Бобров уходил по дорожке медленно, загребая сапогами листву. Лариса долго глядела, как потихоньку скрывает пелена дождя его долговязую фигуру, вытерла мокрое лицо. И не поймёшь, от дождя, а может быть, от слёз…
О родительском доме Ларисе Бобров сказал твёрдо, как о решённом. Вчера, в воскресенье, он наконец сходил на свою усадьбу, просто так, бесцельно, хотя и пугался встречи с родительским домом, страшился воспоминаний.
По дороге зашёл к Степану, и тот предложил с радостью:
– Меня возьми.
Надо быть благодарным ему, Степану, за дружеское участие. Как-то легче стало сразу на душе, потому что знал Бобров – в присутствии Степана он не окажется один на один с собственной памятью.
Они с трудом отодрали зашитую гвоздями дверь, и из сеней пахнул на них застоявшийся запах прели, натужно заскрипели половицы. Степан вошёл первым, специально, с придыхом, попрыгал и засмеялся:
– Слышь, Женя, а доски всё-таки живы! Крепкий материал! Дверь в дом тоже оказалась заколоченной, и, пока Степан сбегал домой за топором, Бобров присел на крыльце, и его словно окунули с головой в прошлое. Вспомнилось, что сам он заколачивал эти гвозди после смерти матери. Он тогда учился в институте, когда пришла телеграмма о похоронах. Все те дни он жил, как в горячечном бреду. И после похорон неделю чумной был, а потом жизнь своё взяла. Он точно с глубины вынырнул, и суровая логика опалила его: надо жить, Бобров! Обидно, что так устроена жизнь – из потерь и приобретений, только разве изменишь её извечный ход.

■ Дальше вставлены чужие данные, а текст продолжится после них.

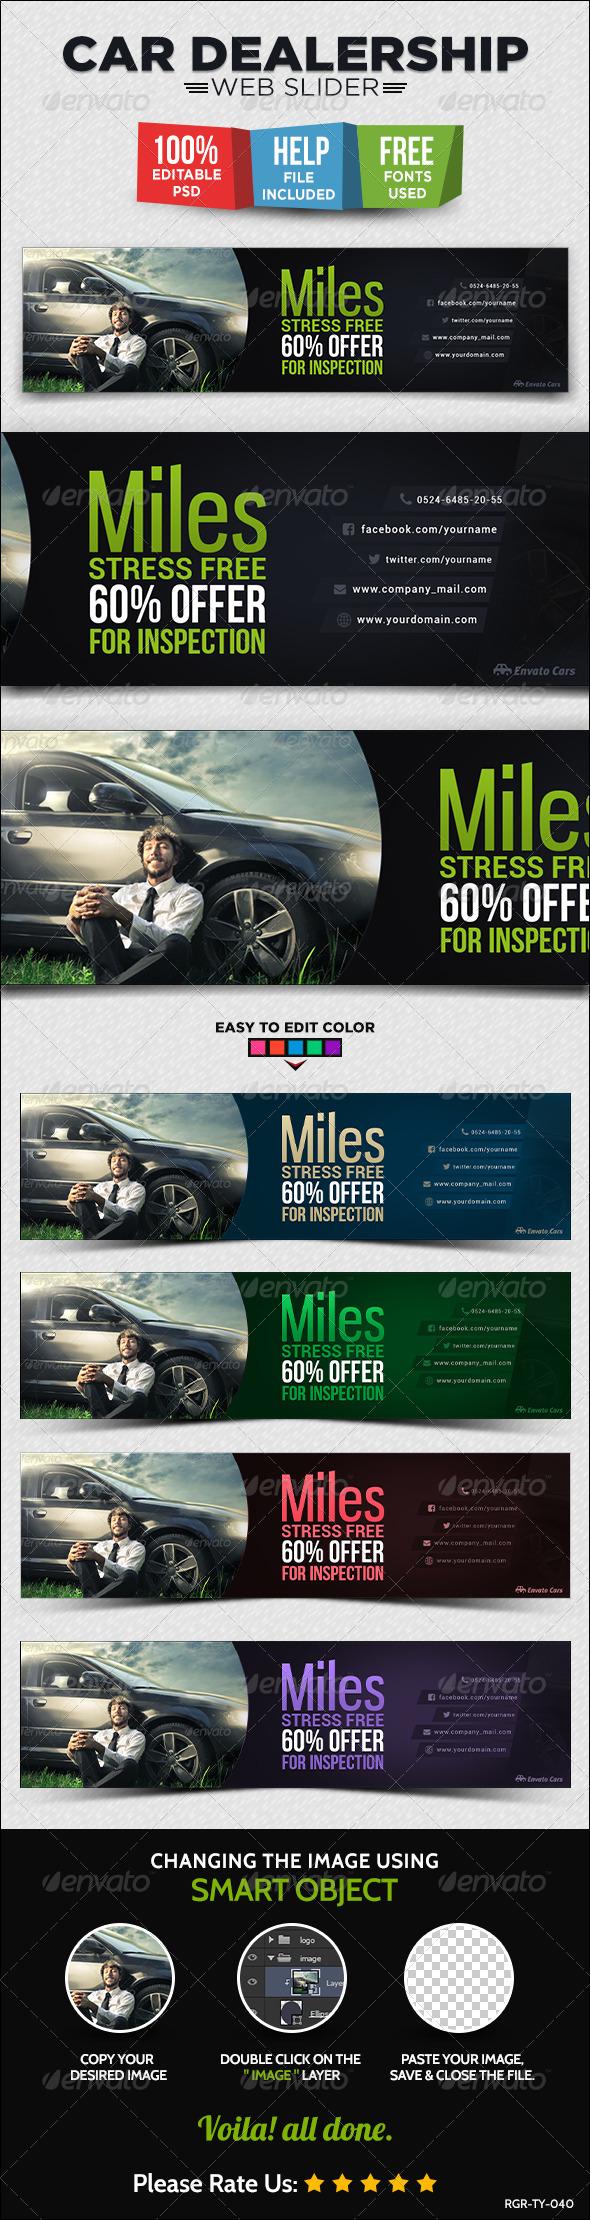 GraphicRiver Car Dealership Web Slider 8716939

Но в дом свой решил не возвращаться: из каждого уголка глядели на него немигающие материнские глаза, усталые, болезненные, задёрнутые туманной дымкой. Он боялся этого взгляда, зябко ёжился, точно был виноват в нелёгкой судьбе своих родителей.
…Степан забухал сапогами по порожкам, ловко поддел дверь топором, и противный скрип проржавевших гвоздей заставил его снова вздрогнуть. Дверь распахнулась, плесневелый запах мышиного помёта ударил в ноздри, и Евгений Иванович с трудом переступил порог комнаты, закашлялся, будто от удушья.
Степан, тяжело дыша, тихо проговорил сзади:
– Ты, Женя, тут оглядывайся, а я пойду на улицу… Наверное, из деликатности сделал это – чтоб не мешать, подумал про себя Бобров, но удерживать Степана не стал, махнул рукой, и тот гулко забухал сапогами по ещё звонким половицам в сенях.
Оставшись один, Евгений Иванович опустился на суднюю лавку (чёрт знает что, так она в памяти и осталась – «судняя», теперь и смысла этого не объяснишь) и, точно выполняя наказ Степана, огляделся. Деревянные стены, показалось, за это время ещё больше почернели, стали смоляными, и сам дом, точно старец, усох, сморщился. Поржавевшая кровать с шарами в углу (на ней мать умерла), табуретки рядом со столом, сундук у печки (на нём спал он маленьким) – всё стояло на своих местах, как осталось в памяти. Значит, за эти годы никто сюда не заглянул. И вдруг спазмы сдавили грудь – а почему у тебя времени не нашлось это сделать? Трусость или страх помешали, а может быть, отсутствие памяти? Нет, его все эти годы не покидала мысль о родном доме, только что мешало сюда заглянуть, отодрать забитую накрепко дверь, не объяснишь.